For data scientists, the relevant skills cluster around four areas: data transformation and EDA, visualization, research and document analysis, and database querying at scale.

Quick Comparison

Skill	Primary Use	Setup Complexity	Best For
Data Formulator	Conversational data transformation	Easy	EDA on new datasets
D3.js Visualization	Interactive chart generation	Medium	Web dashboards
ClickHouse Analytics	Large-scale analytical queries	Medium	Event/clickstream data
Open Notebook	Document Q&A and synthesis	Easy	Literature review
NotebookLM MCP	Persistent research collections	Medium	Ongoing research
Python Weekly	Python utilities and code gen	Easy	Workflow automation

1. Data Formulator: Conversational Data Transformation

Data Formulator is a Microsoft Research project that brings a conversational interface to data transformation tasks. Instead of writing pandas code to reshape a dataset, you describe the transformation in plain language and the skill generates and runs the code.

``bash /install data-formulator `


This works best during exploratory data analysis on unfamiliar datasets. When you're still figuring out what questions to ask, the conversational back-and-forth is faster than writing transformation scripts. Describe what you want — "create a column flagging rows where revenue is more than 2 standard deviations below the monthly average" — and Data Formulator writes and executes the pandas code.
The skill supports CSV, JSON, and Excel files locally, plus basic database connections.
Where it excels: Derived field creation, reshaping datasets for visualization, quick EDA on new data sources.
Where it falls short: Production pipelines need human-reviewed code, not auto-generated pandas. Data Formulator is an exploration tool. According to data scientists using it in the Claude Code community, EDA time on unfamiliar datasets drops by roughly half, but the code needs review before going into any automated pipeline.
2. D3.js Visualization: Code-First Interactive Charts
D3.js Visualization integrates the JavaScript charting library directly into Claude Code's workflow. Describe the chart type and data, and the skill generates ready-to-run D3.js code.

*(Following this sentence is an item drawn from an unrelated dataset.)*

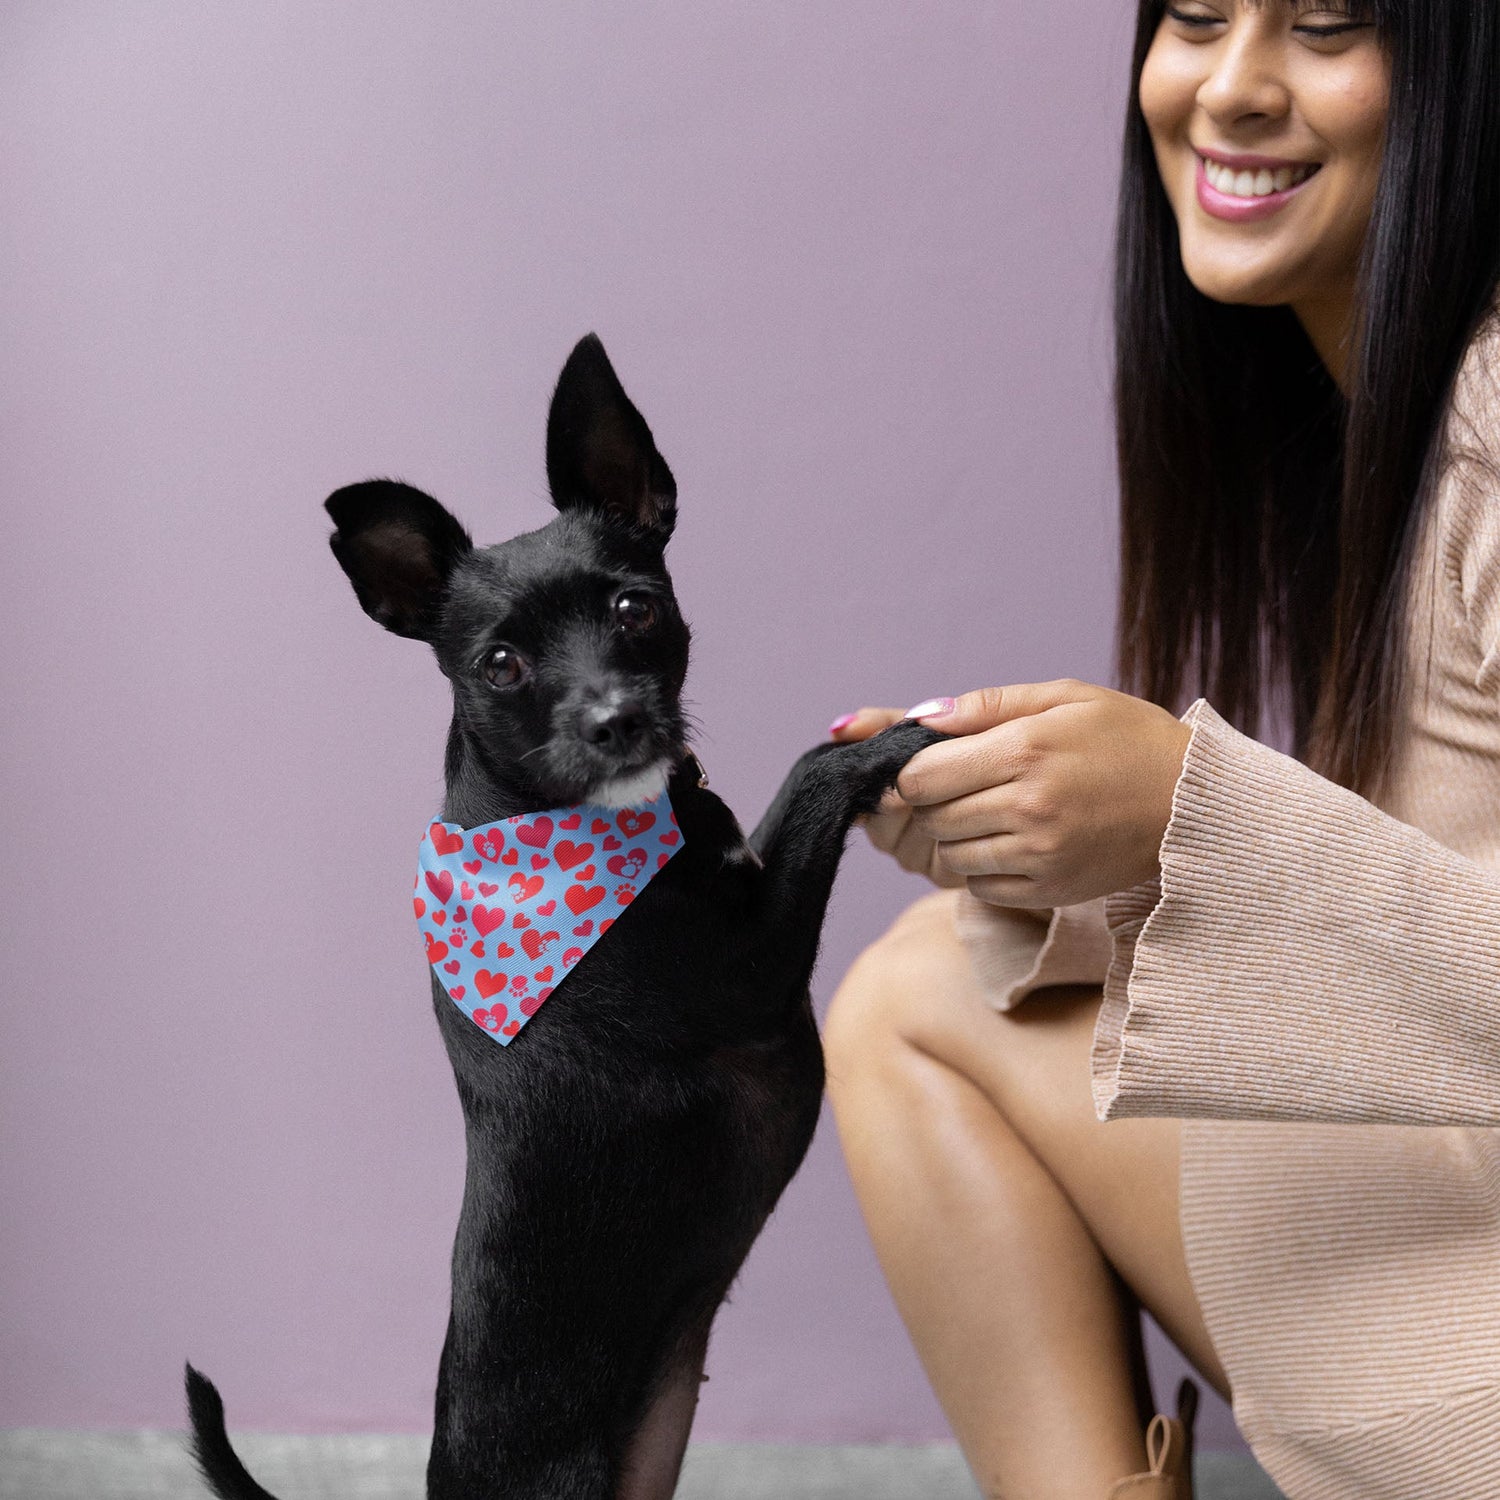  A young woman sits with a radiant smile, gently supporting her Chihuahua's front legs as it stands proudly upright beside her, wearing a Dogs Pure Love bandana

`bash /install d3js-visualization `


Data scientists building web-facing dashboards benefit most. Rather than writing D3 boilerplate for each chart, you describe the visual, layout, axes, color encoding, tooltip behavior, and get working code to embed or extend.
The skill handles all standard chart types: bar, line, scatter, histogram, heatmap, area. The more interesting use case is custom visualizations, unusual encodings or hybrid layouts where D3's flexibility matters and charting library defaults won't work.
Where it excels: Interactive web dashboards, custom chart types, stakeholder-facing visualizations that go beyond matplotlib defaults.
Where it falls short: If your primary environment is Python (matplotlib, seaborn, plotly), there's less benefit unless you're specifically building for the browser. The skill generates JavaScript, not Python visualization code.
3. ClickHouse Analytics: Analytical Queries at Scale
ClickHouse is a columnar database designed for fast analytical queries, aggregations over hundreds of millions of rows in seconds, not minutes. The ClickHouse Analytics skill provides optimized query generation and connection management for ClickHouse databases.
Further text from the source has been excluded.